Notes to the condensed consolidated financial statements (unaudited)
(Expressed in United States Dollars)
19. Commitments and Contingencies — Continued
    During the year ended December 31, 2008 the Company entered into memoranda of agreement with third parties to acquire two re-sale M.R. product tankers. As of September 30, 2009, since the acquisition of the one M.R. product tanker, the Company has short-term outstanding commitments for the unpaid balance of the purchase price for one vessel of $51,750,000, net of $5,750,000 already advanced to the sellers in 2008.
 
    As described in Note 7, as of September 30, 2009 the Company has long-term outstanding commitments for installment payments for five vessels under construction, as follows:
         
Year ended   Shipbuilding Contracts
 
2010
    7,152,405  
2011
    59,405,079  
2012
    40,465,687  
 
Total
    107,023,171  
 
      As of September 30, 2009, the Company’s long term obligations due under the shipbuilding contracts with Mitsubishi Corporation of Japan totaled to JPY9,606,400,000 were converted to US Dollars based upon the foreign currency forward contracts entered into by the Company and the prevailing USD/JPY exchange rate as at September 30, 2009. The total obligation under these contracts was $107,023,171.
 
      Based upon the above the average prevailing USD/JPY exchange rate used for the calculation of the total obligation was 89.76 JPY to $1.
20. Subsequent Events
The Company has evaluated subsequent events through December 24, 2009, the date the financial statements are issued.

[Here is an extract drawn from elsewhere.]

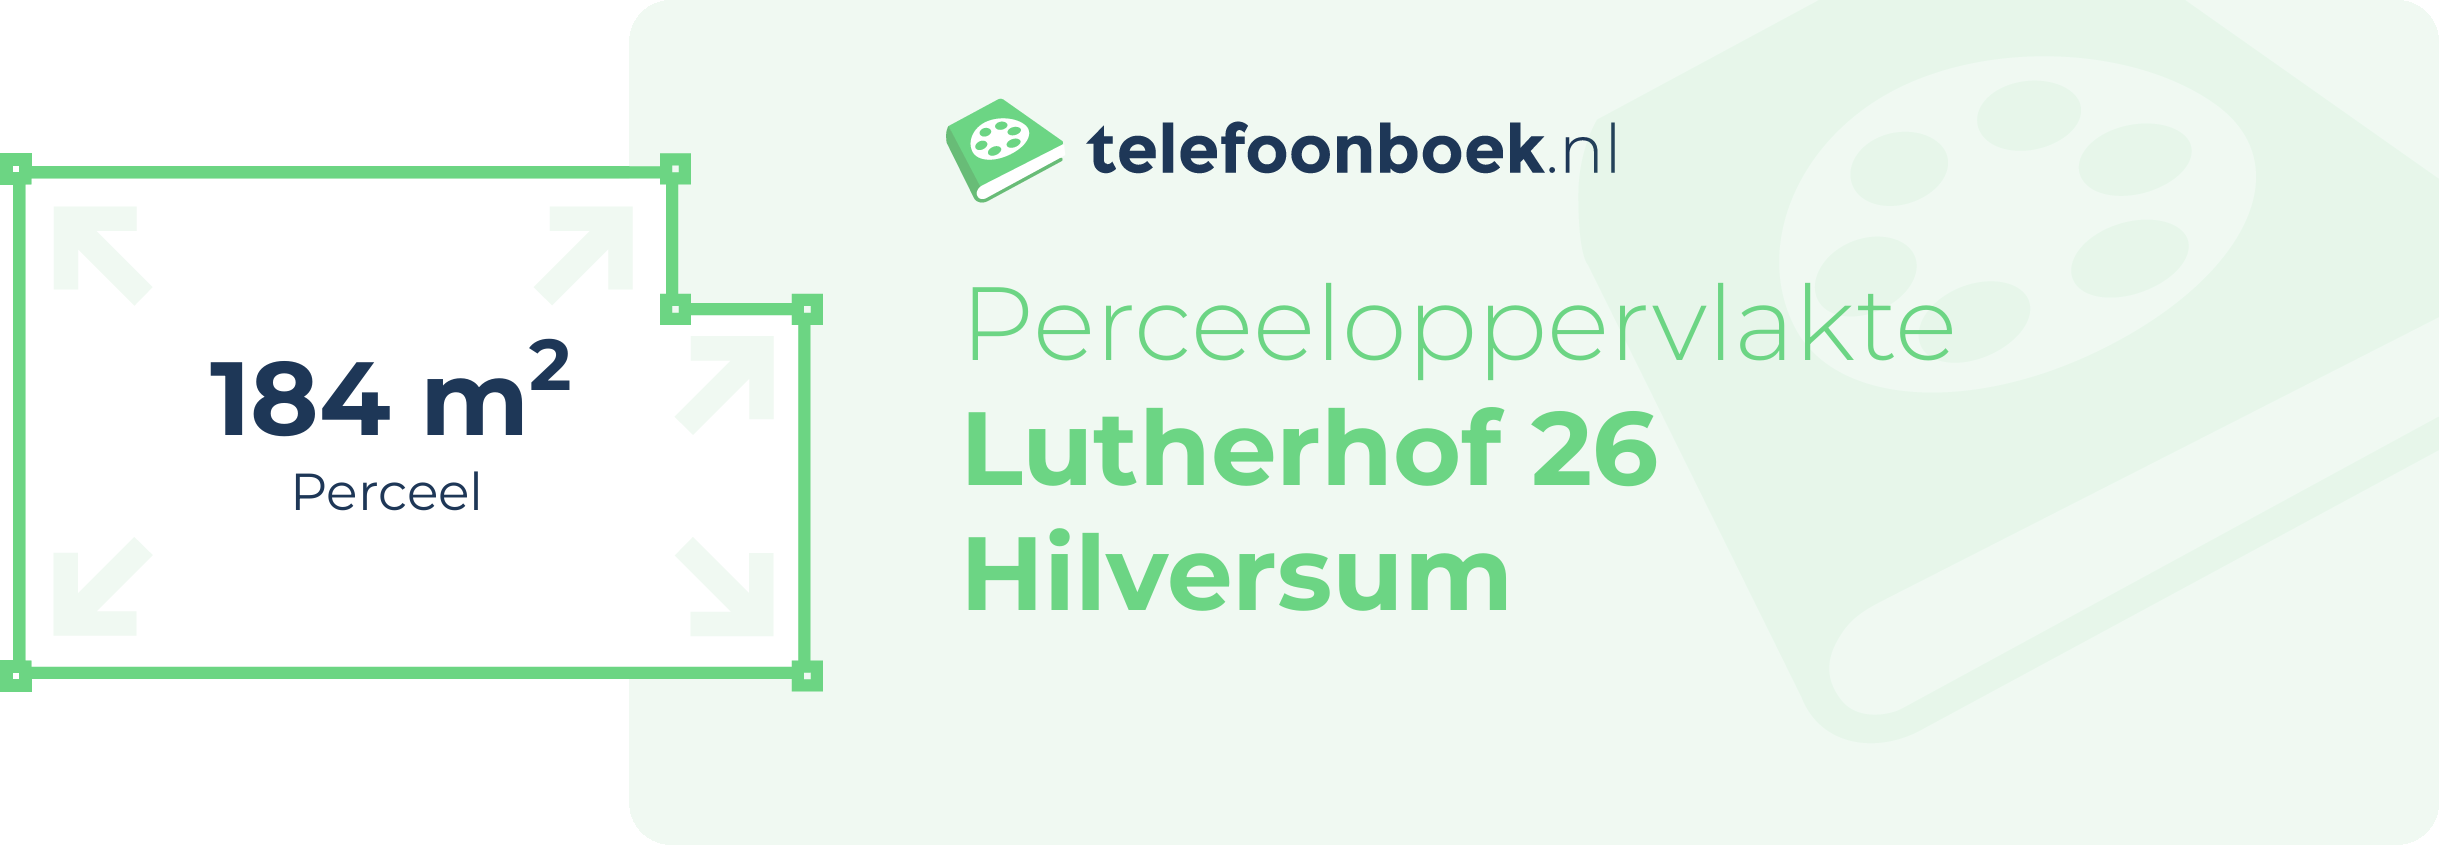 Perceeloppervlakte Lutherhof 26 Hilversum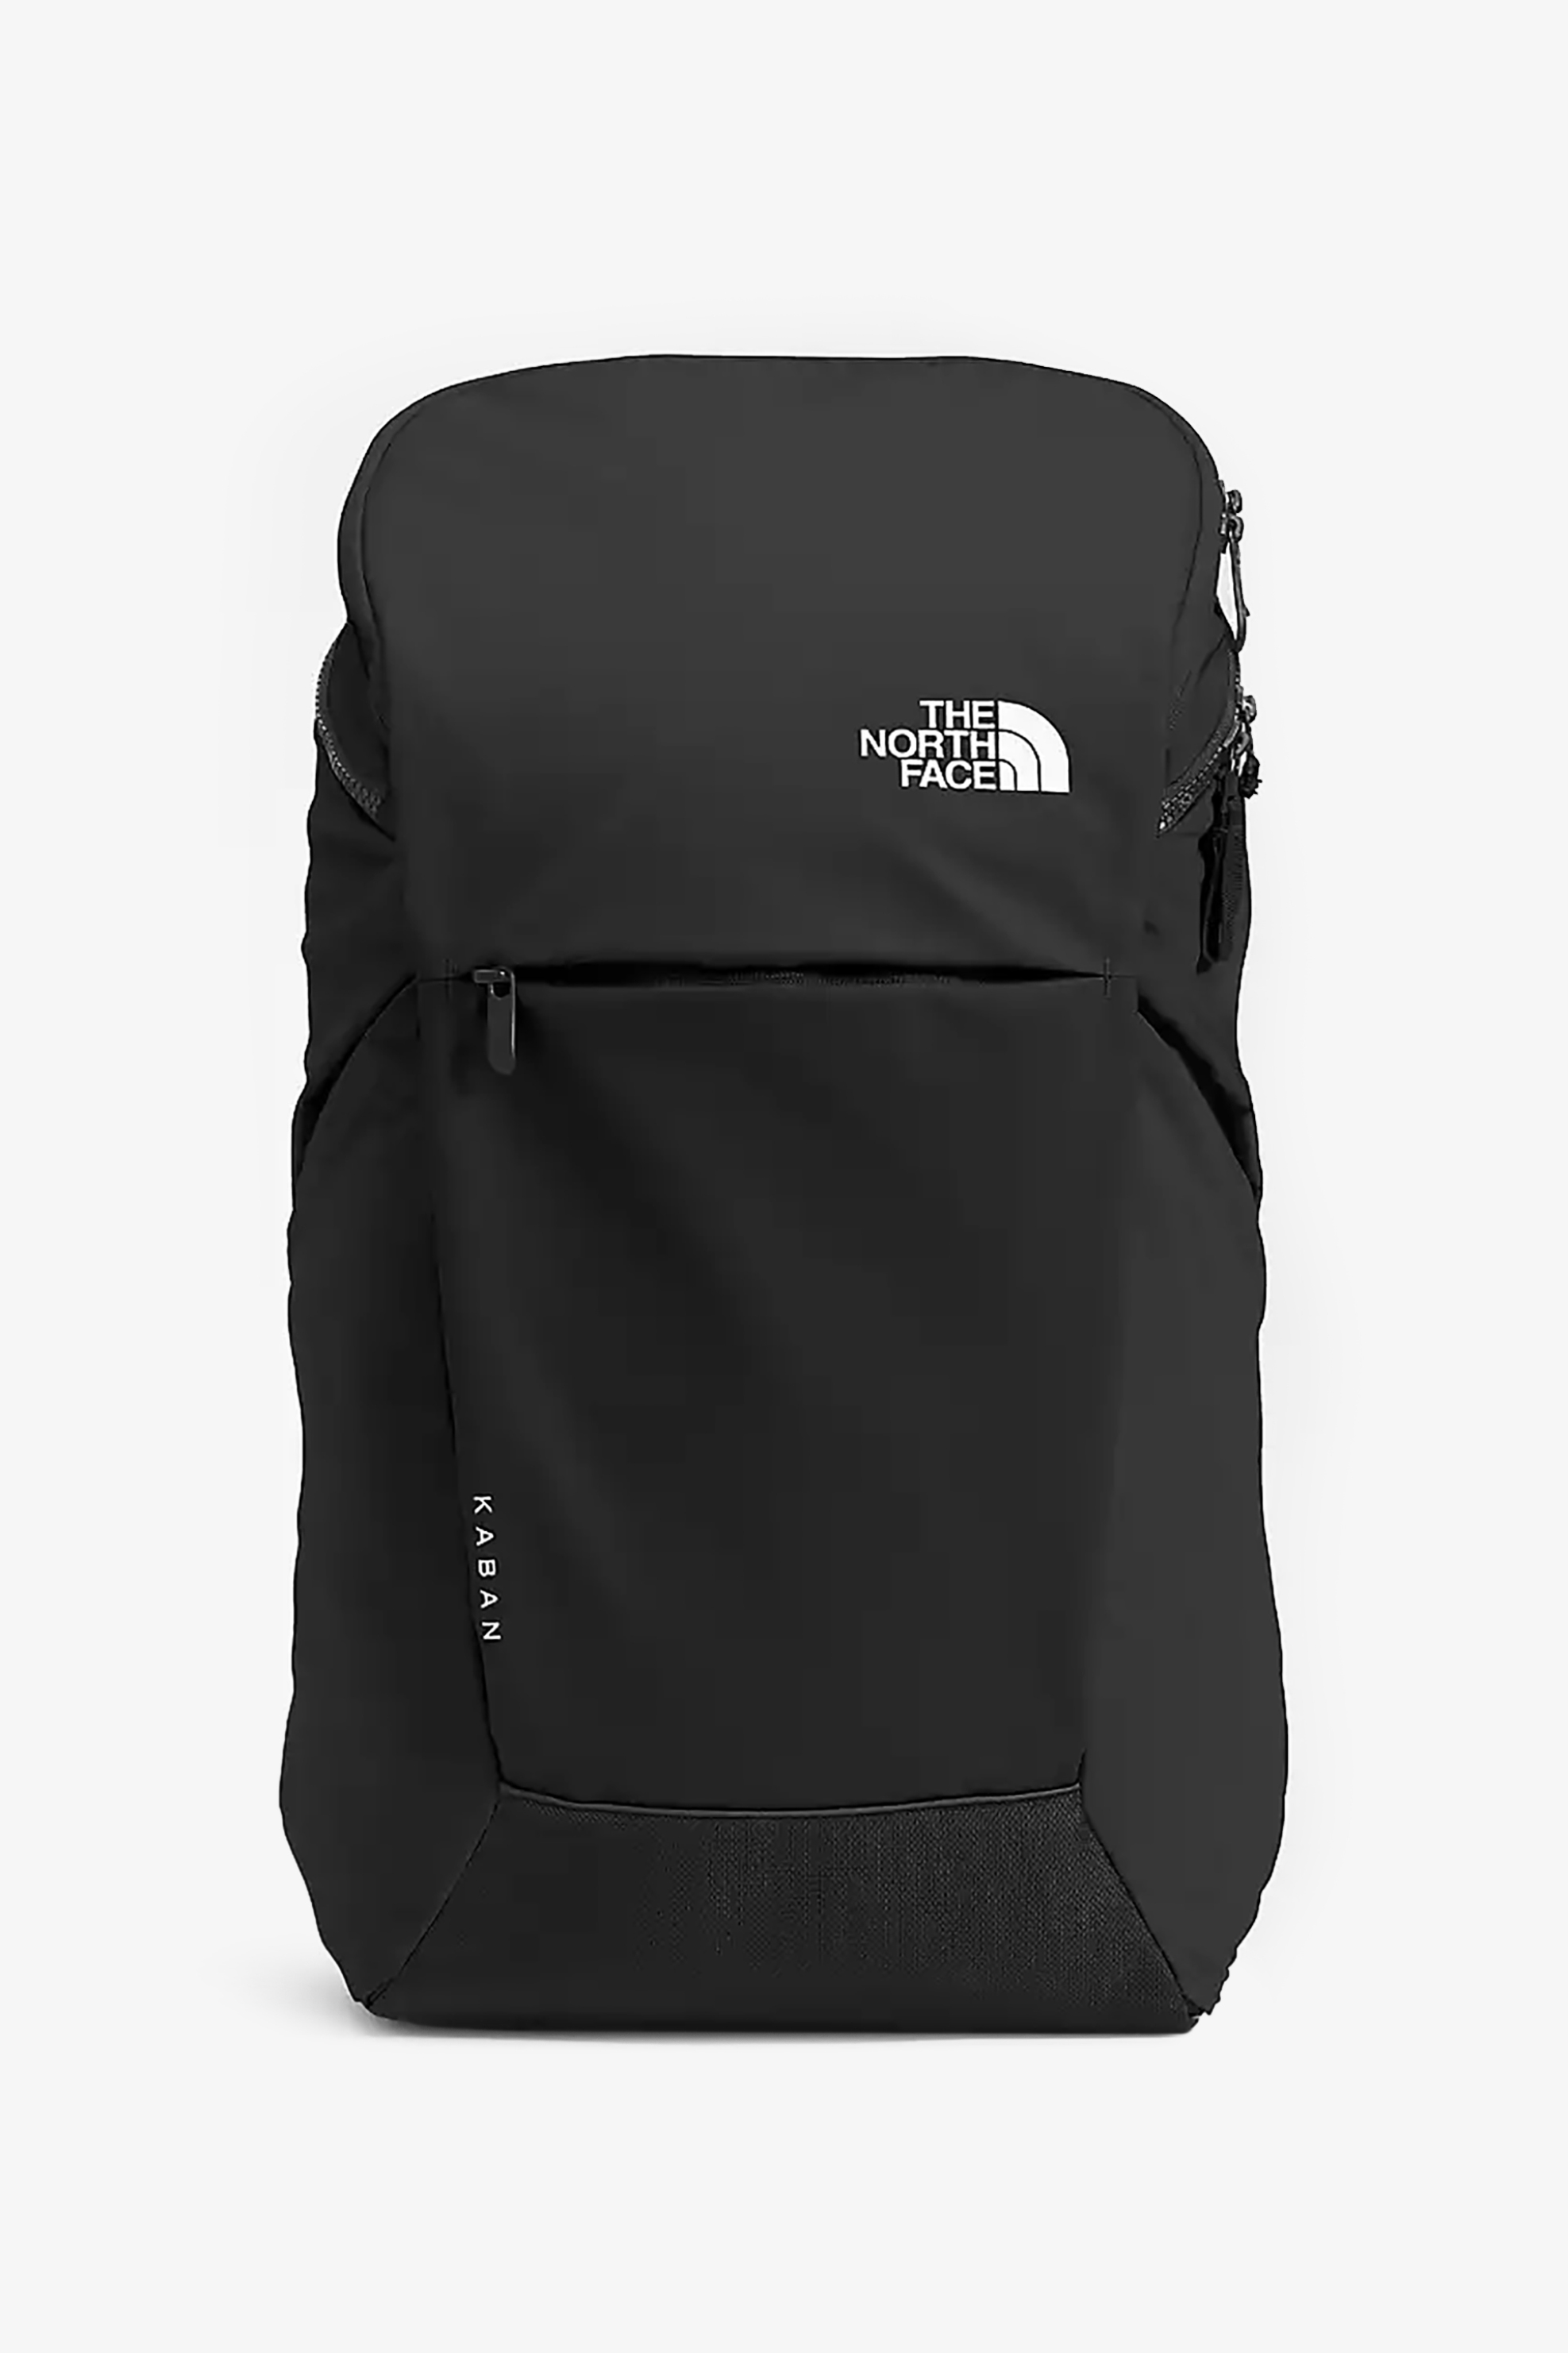 Ανδρική Μόδα > Ανδρικές Τσάντες > Ανδρικά Σακίδια & Backpacks The North Face unisex backpack με logo print "Kaban 2.0" - NF0A52SZKX71 Μαύρο

  (a)   On October 22, 2009, the Company concluded a memorandum of agreement for the disposal of the vessel “Gas Fortune” to an unaffiliated third party for $5,600,000. The vessel was delivered to her new owners on December 9, 2009 and the Company realized a loss from the sale of the above vessel of $2,500,760 which will be included in the Company’s consolidated statement of income in the fourth quarter of 2009.
 
  (b)   On November 10, 2009, the Company concluded a memorandum of agreement for the disposal of the vessel “Gas Natalie” to an unaffiliated third party for $6,800,000. The vessel is classified as vessel held for sale in the fourth quarter of 2009 and is scheduled to be delivered to her new owners on January 20, 2010. The Company will record an impairment charge of $3,660,390 to write down the carrying amount of the vessel to fair market value less costs to sell and will be included in the Company’s consolidated statement of income in the fourth quarter of 2009.